§ **About this task**
Leave the images out and write out each entry exactly as shown.

..............................

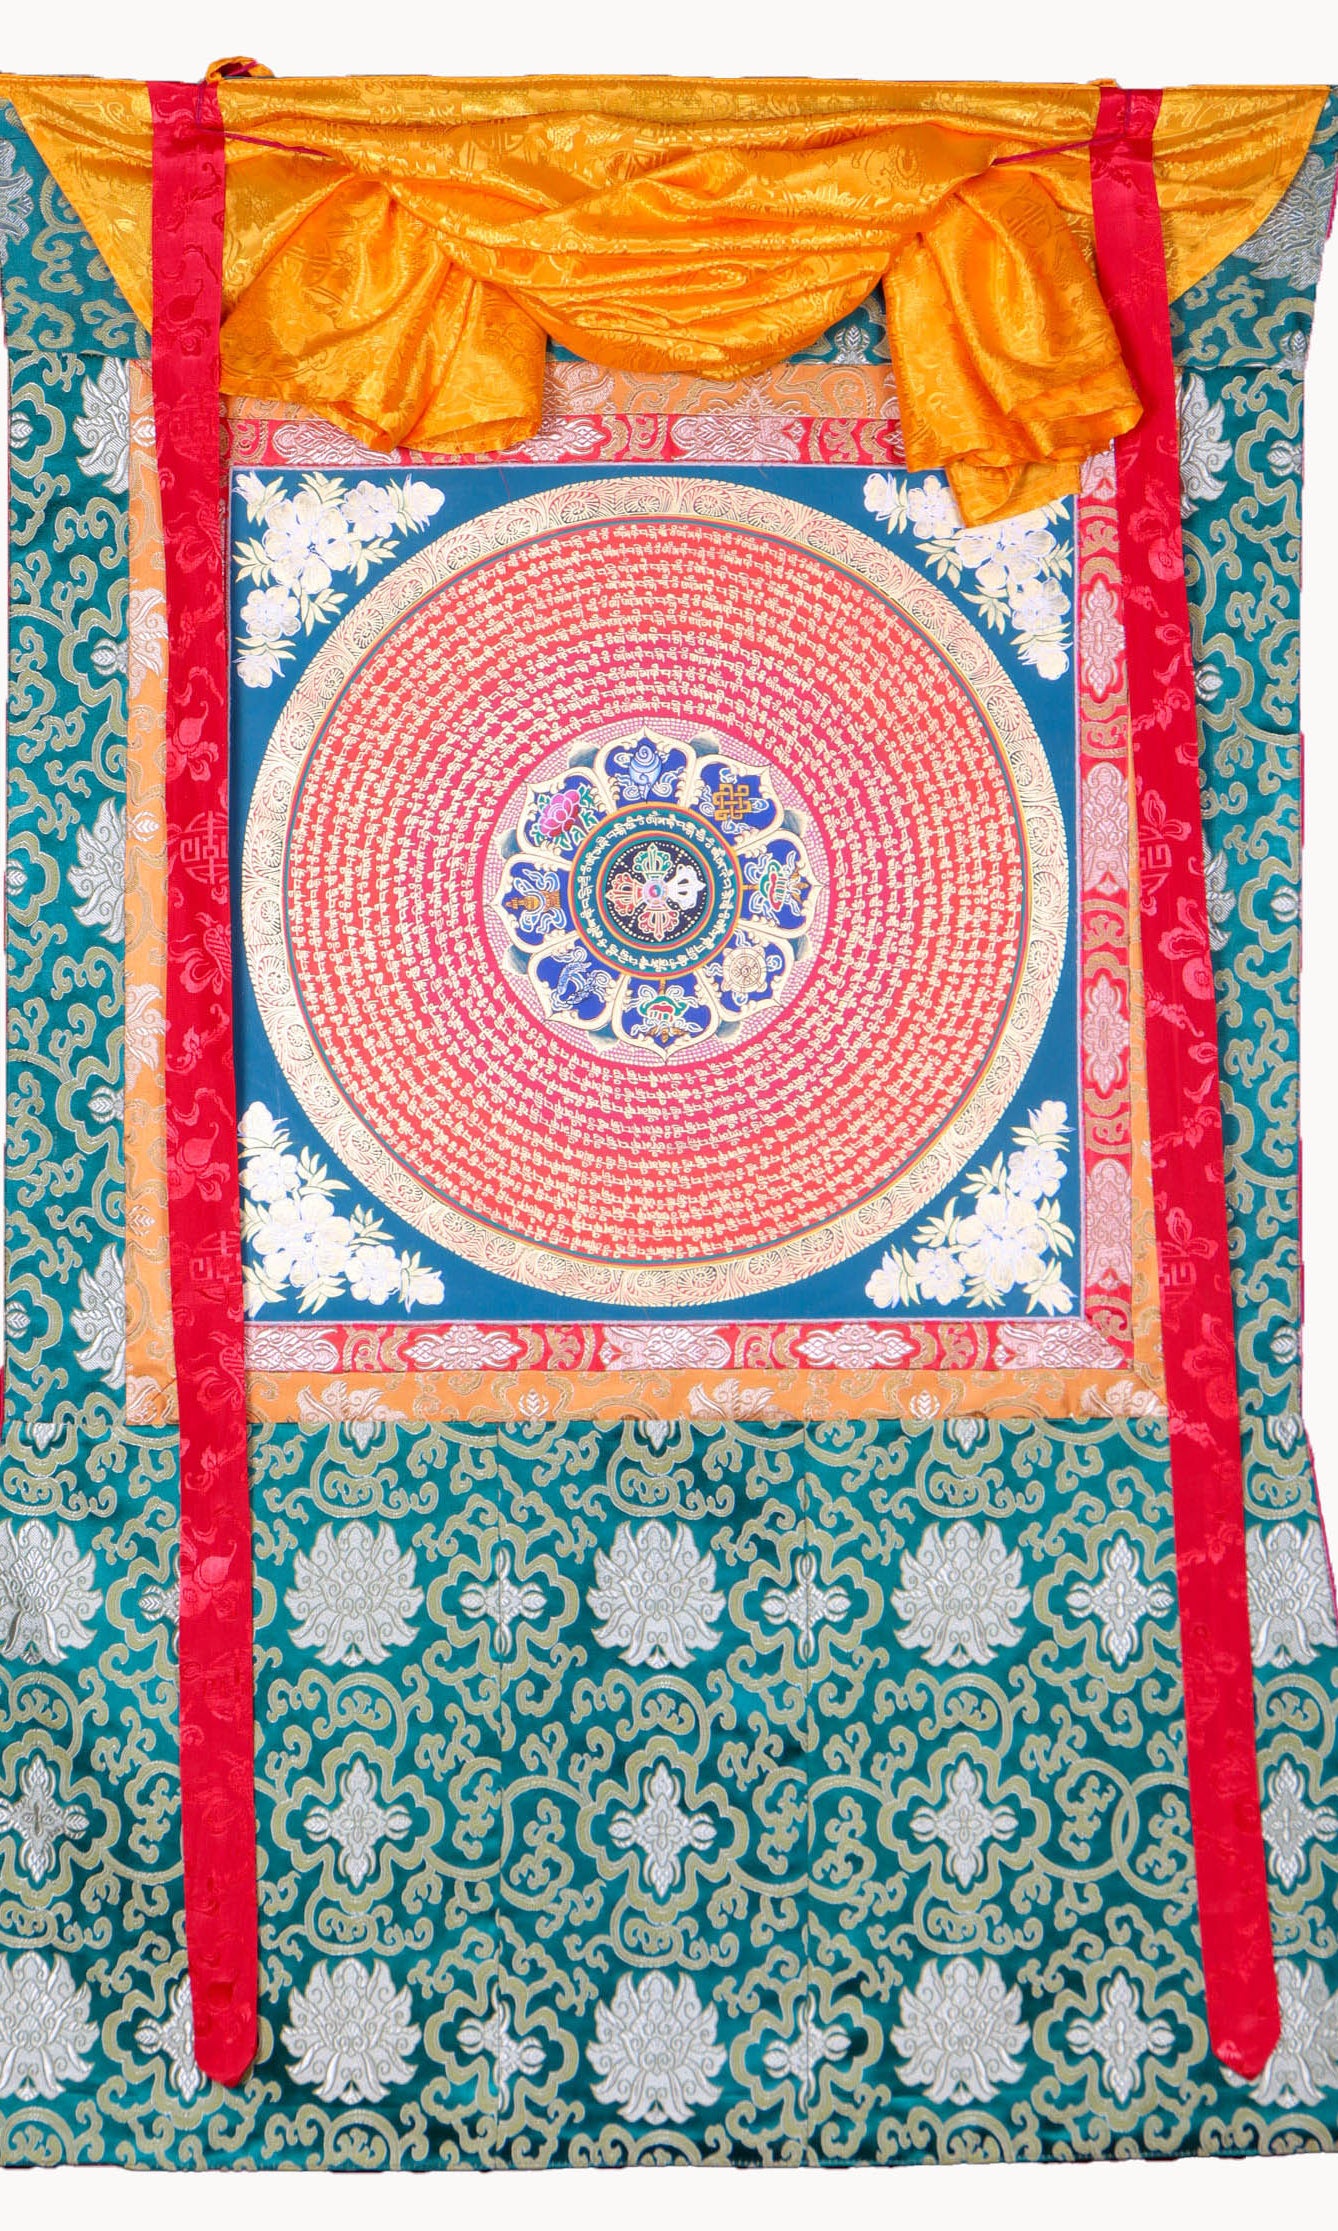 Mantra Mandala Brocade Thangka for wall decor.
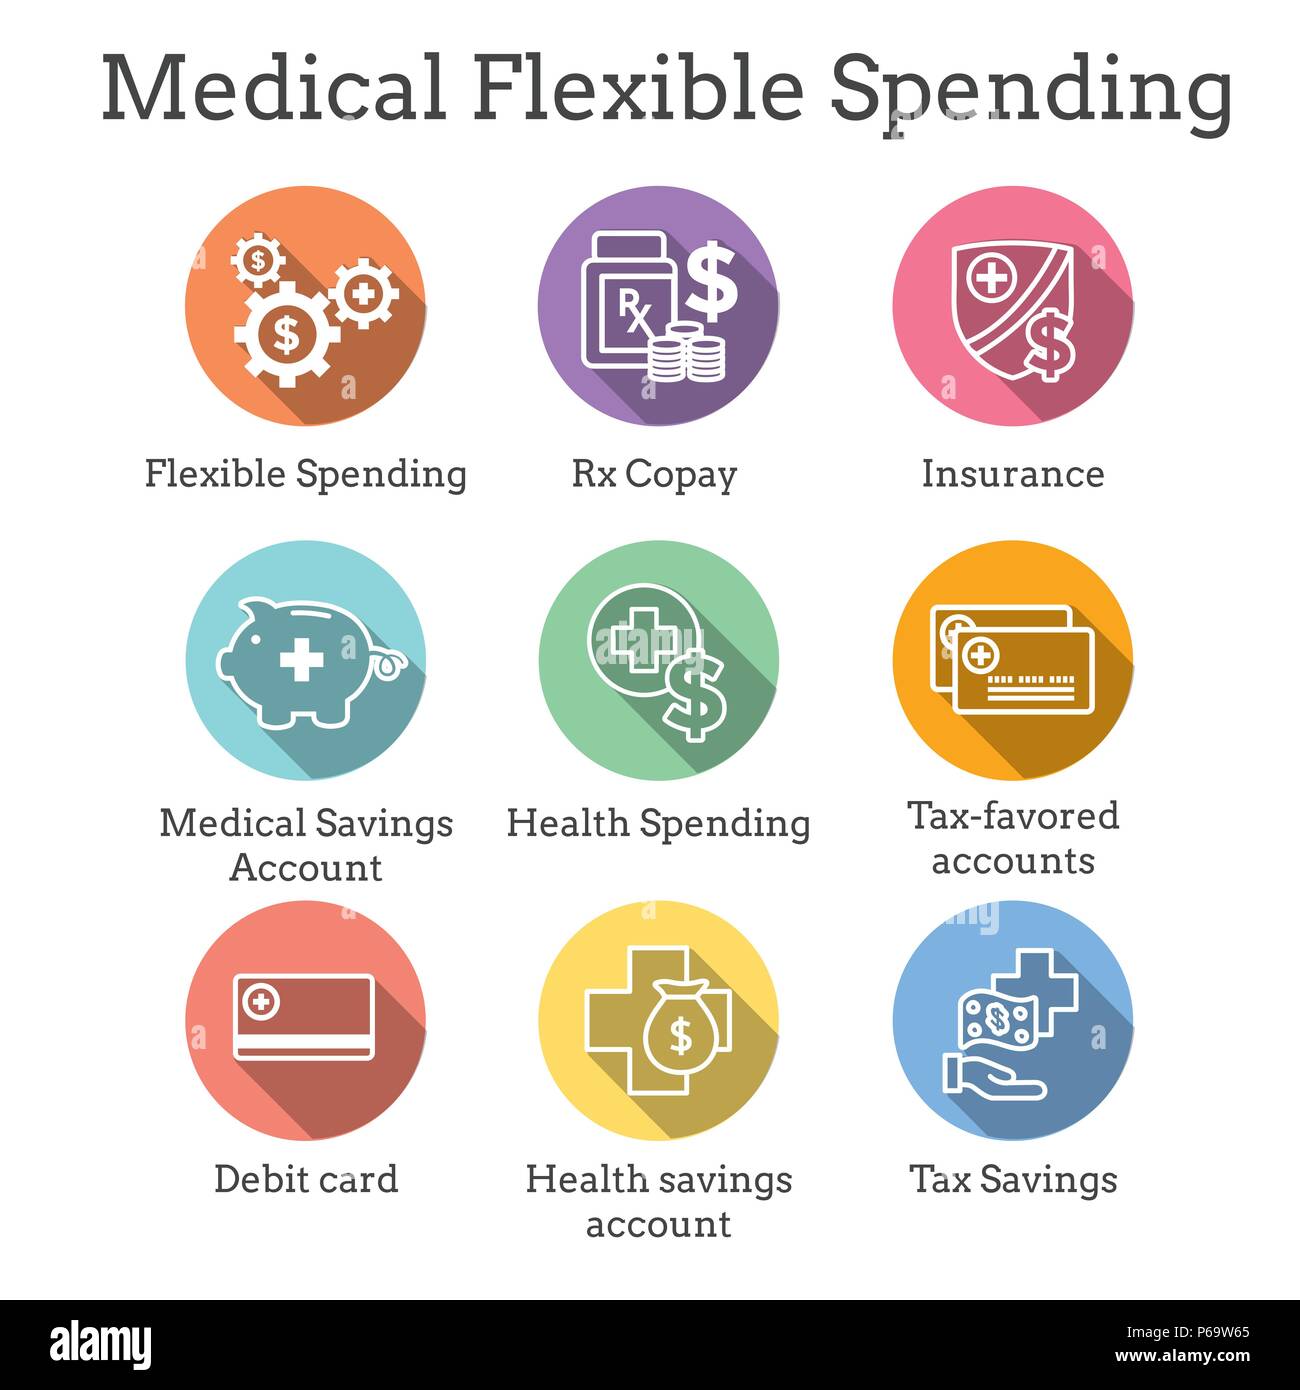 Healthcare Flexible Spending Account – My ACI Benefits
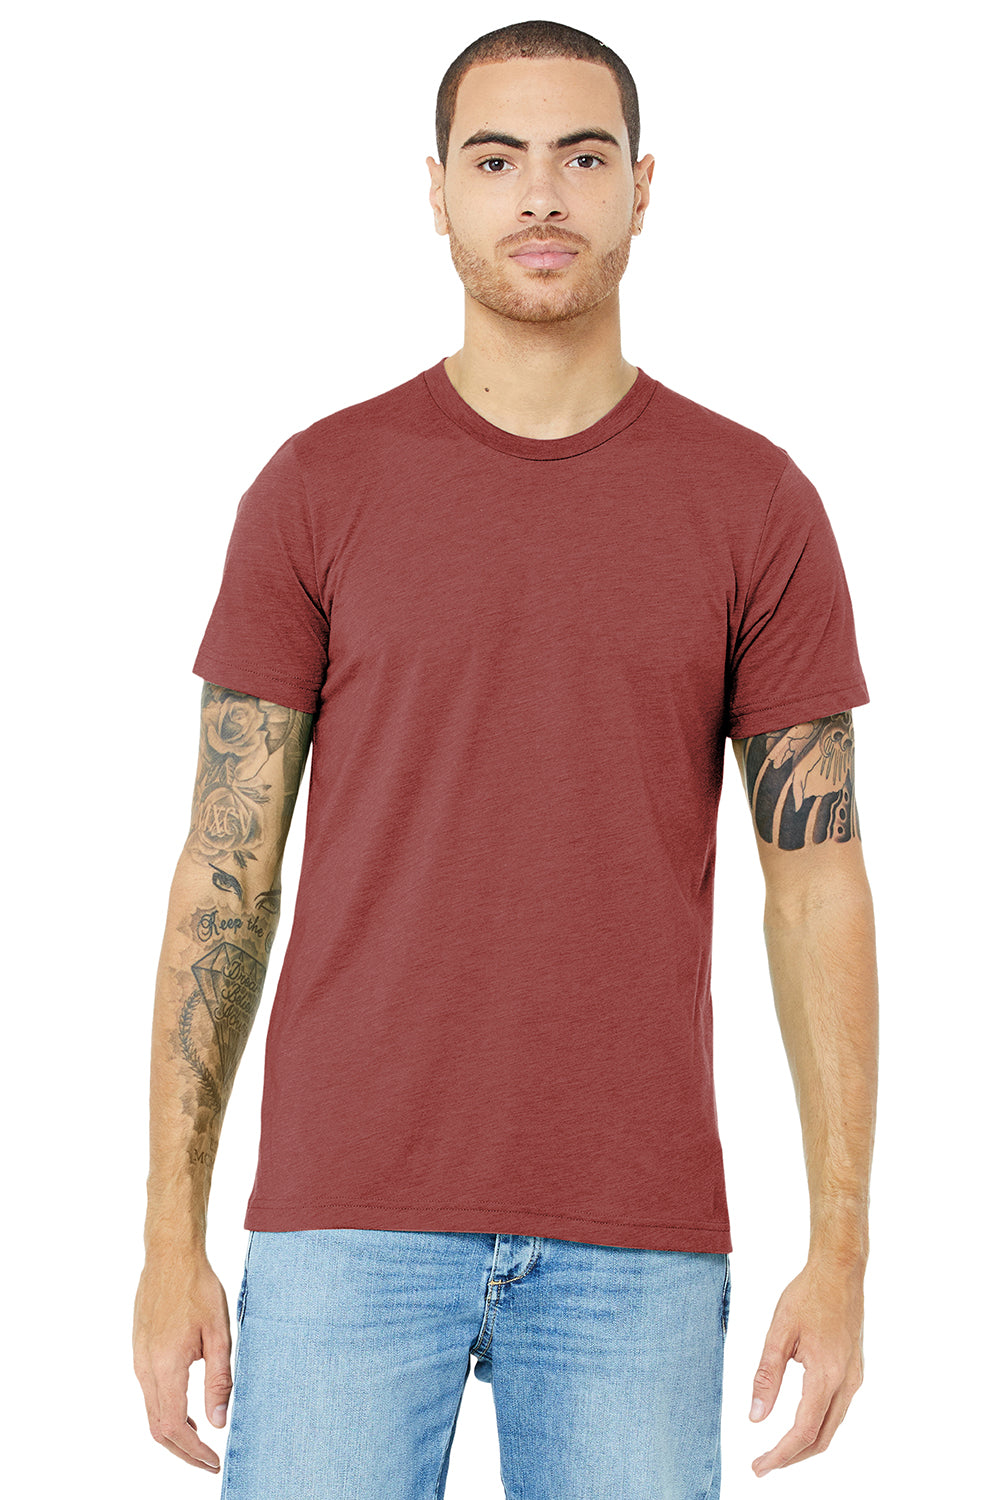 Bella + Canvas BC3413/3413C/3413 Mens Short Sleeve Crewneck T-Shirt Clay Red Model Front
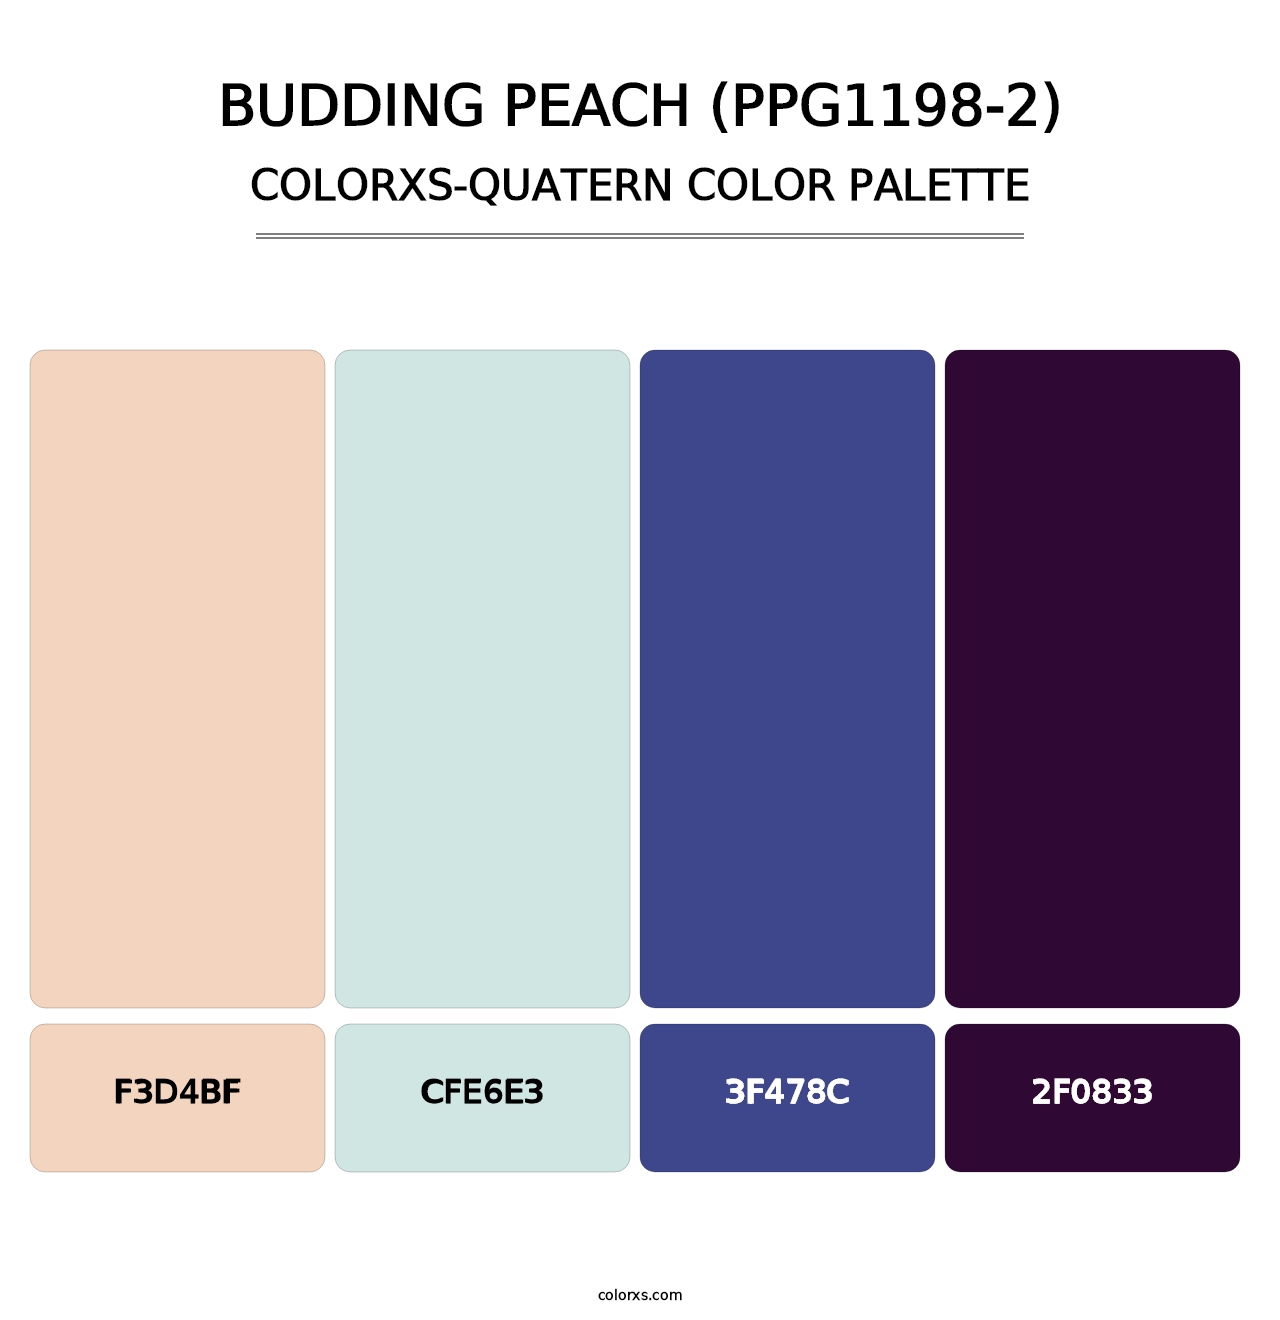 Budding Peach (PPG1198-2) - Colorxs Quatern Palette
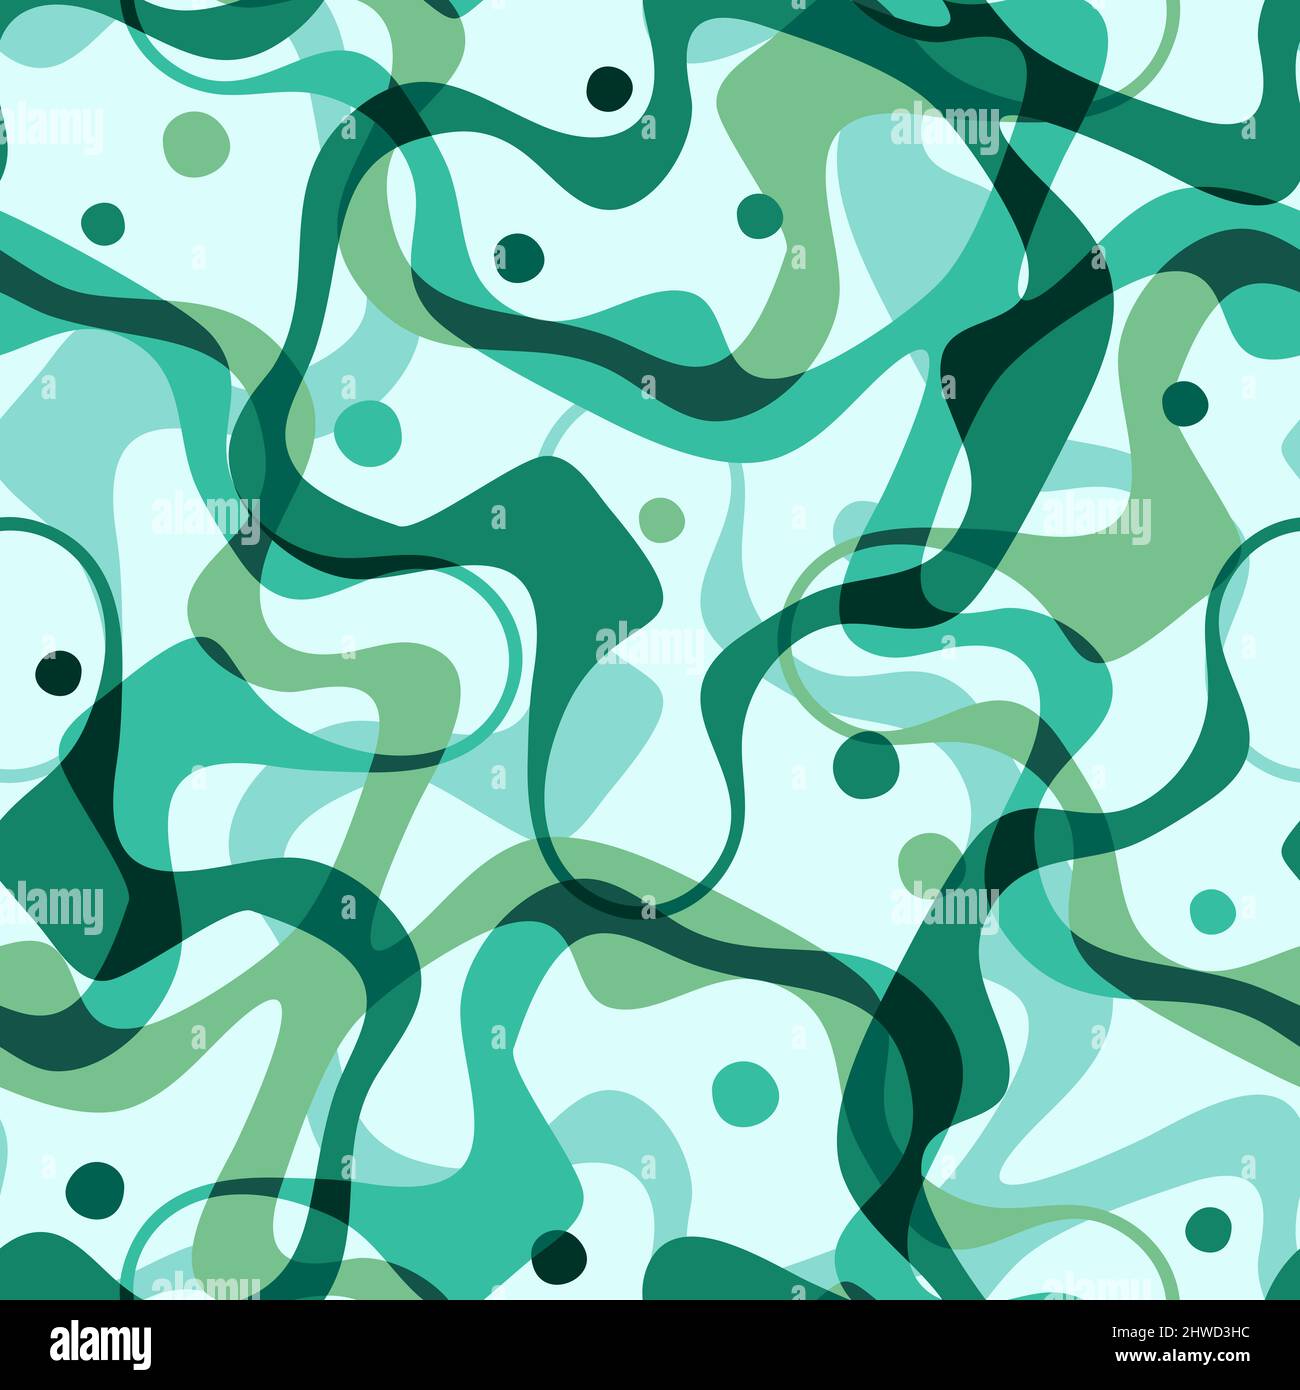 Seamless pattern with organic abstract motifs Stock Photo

..............................

§ **Exercise result**
 Mantra Mandala Brocade Thangka for wall decor.
 Healthcare Flexible Spending Account – My ACI Benefits
 Bella + Canvas BC3413/3413C/3413 Mens Short Sleeve Crewneck T-Shirt Clay Red Model Front
 Budding Peach (PPG1198-2) - Colorxs Quatern Palette
 Seamless pattern with organic abstract motifs Stock Photo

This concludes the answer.